Вопрос поставил в тупик двух свободных предпринимателей. Вероятно, американское правительство им никогда не отдавало приказов, а действовало методами сугубо экономического принуждения. Пока они собирались с мыслями, Людмила, подхватив под руку Николая Красавченко, который почему-то очутился возле нее — такая уж у него имелась особенность: в нужный момент быть рядом, — ушла в другой конец зала…

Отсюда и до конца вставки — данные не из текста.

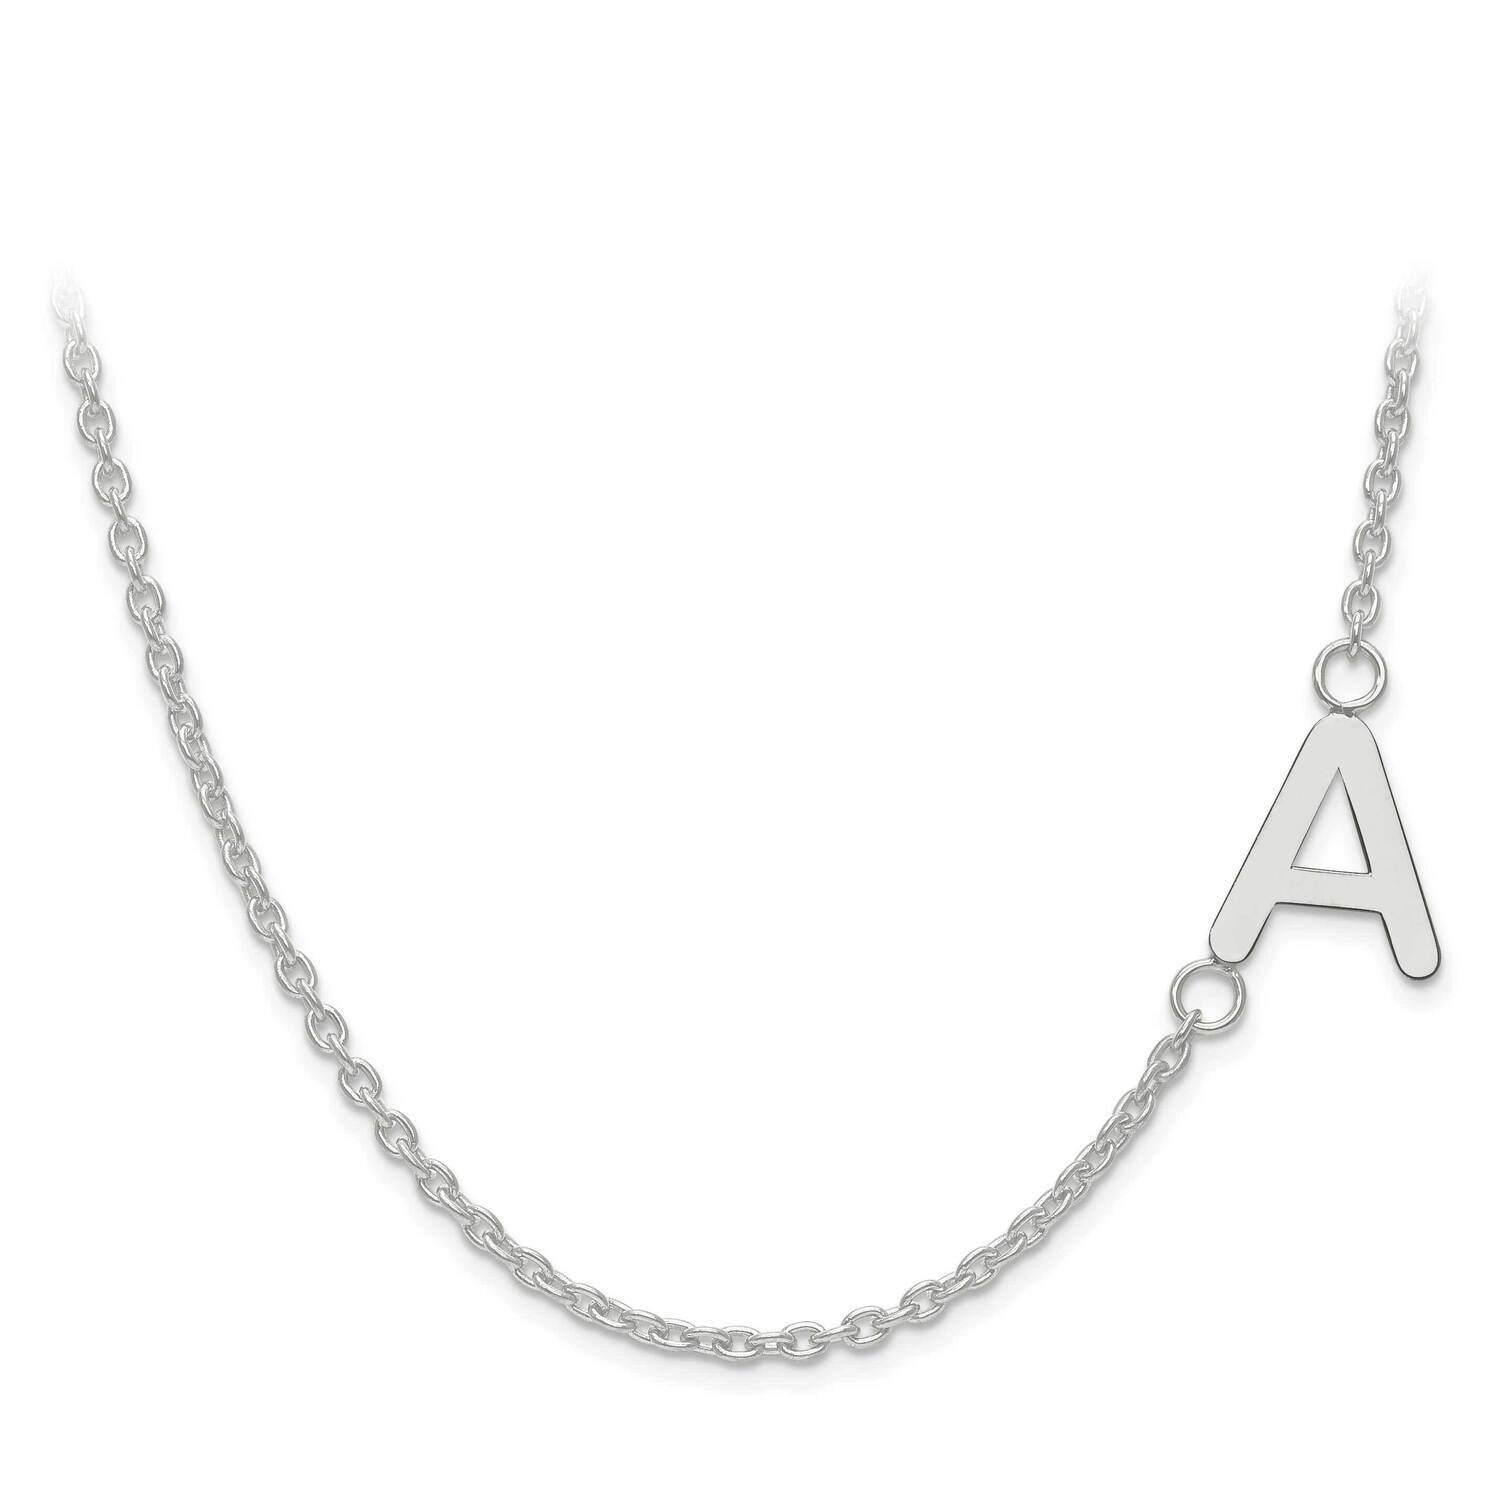 S Laser Sideways Letter Initial Offset Necklace with Chain Sterling Silver Rhodium-plated XNA660SS
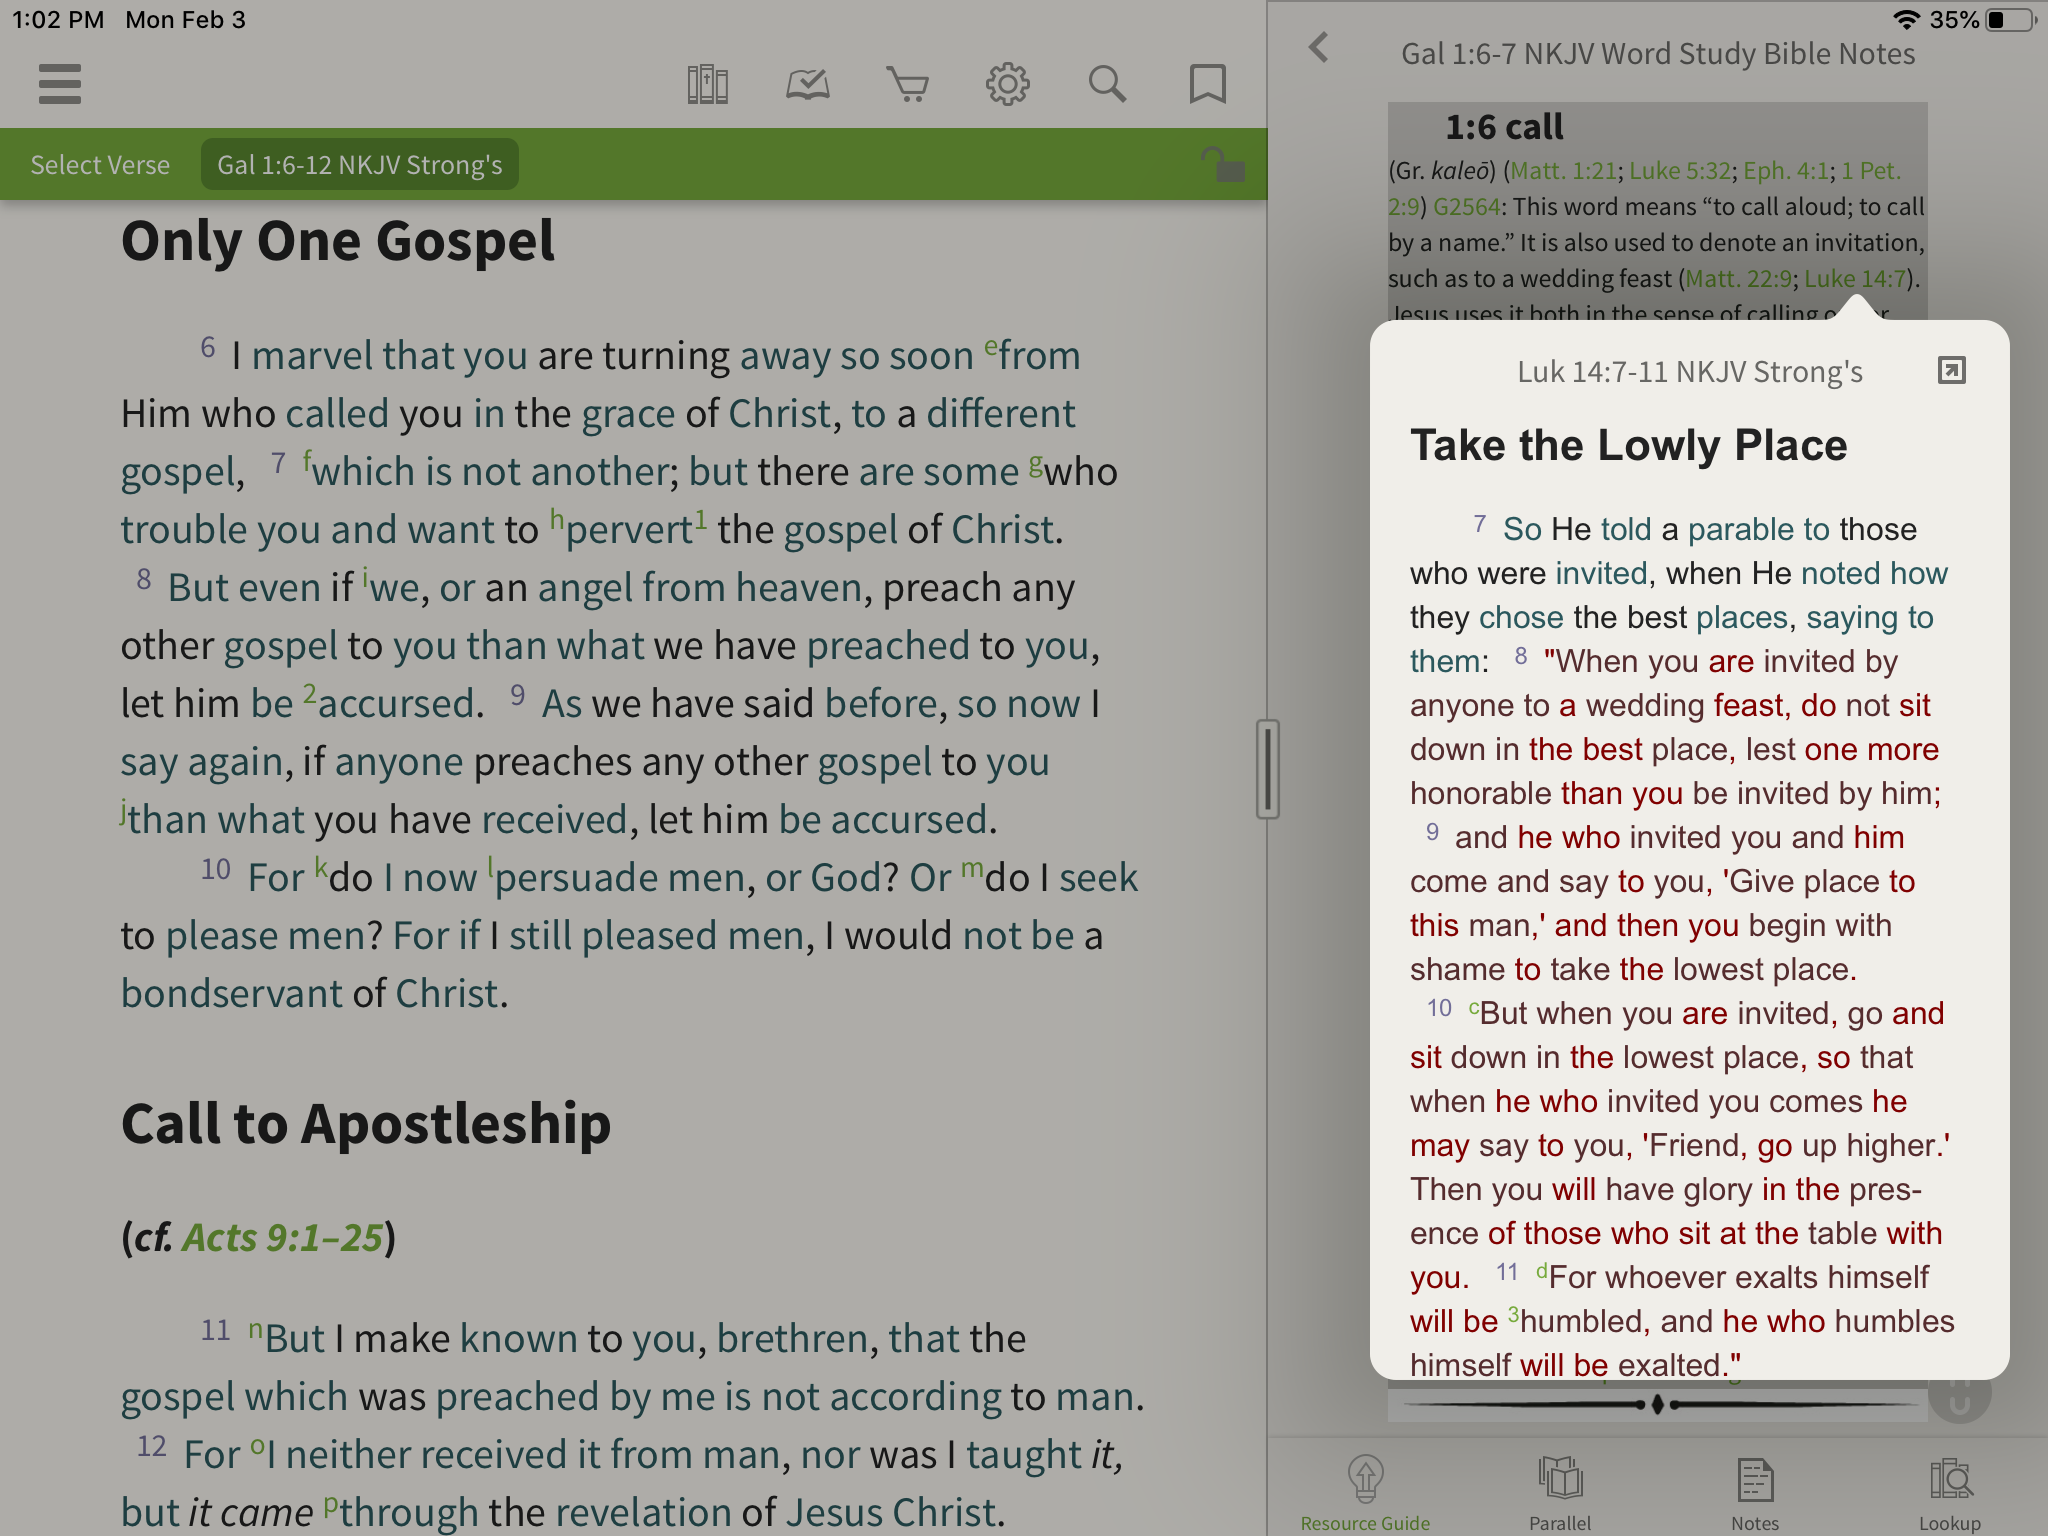 hyperlinked notes in the word study bible

На следующий день наша делегация из Балтиморы вернулась в Вашингтон, где в советском посольстве их ждала новость: получено приглашение от президента и его супруги провести неделю в родовом поместье Рузвельтов «Гайд-парк», находящемся в 80 километрах от Нью-Йорка на реке Гудзон. Кроме русских, приглашение получили и другие участники Всемирной студенческой ассамблеи: англичане Ричард Майлс и Дэйв Скотт, голландец Иоганн Вальтер, китаянка Юн Ванг. Ехать следовало поездом, первая леди собиралась встречать гостей на вокзале.
За день обойти все поместье Рузвельтов не представлялось возможным. Парк с прямыми аллеями, клумбами, газонами, беседками незаметно переходил в густой лес, занимавший не менее трех квадратных километров. Недалеко от центральной усадьбы с каменным двухэтажным домом лежало большое озеро. Один его берег зарос камышом и имел вид дикий, другой — вполне ухоженный. Там высилась купальня. В чистую прозрачную воду уходили деревянные некрашеные мостки. Возле них покачивались на легкой волне привязанные к балкам лодки.
Людмилу, вышедшую на прогулку после завтрака, заинтересовала странная узкая посудина, точно обшитая кожей, с маленьким сиденьем в центре и короткими веслами в уключинах. Когда-то на родине, в Белой Церкви, они с сестрой любили кататься по реке Рось на плоскодонке, называемой «казачий дубок». Недолго думая, Люда прыгнула в американскую лодку-«индианку», оттолкнулась от мостков и налегла на весла. Лодка, как птица, полетала вперед, но сидела при этом совсем неглубоко. Резкий поворот корпуса — и Павличенко очутилась в холодной воде потому, что «индианка» перевернулась.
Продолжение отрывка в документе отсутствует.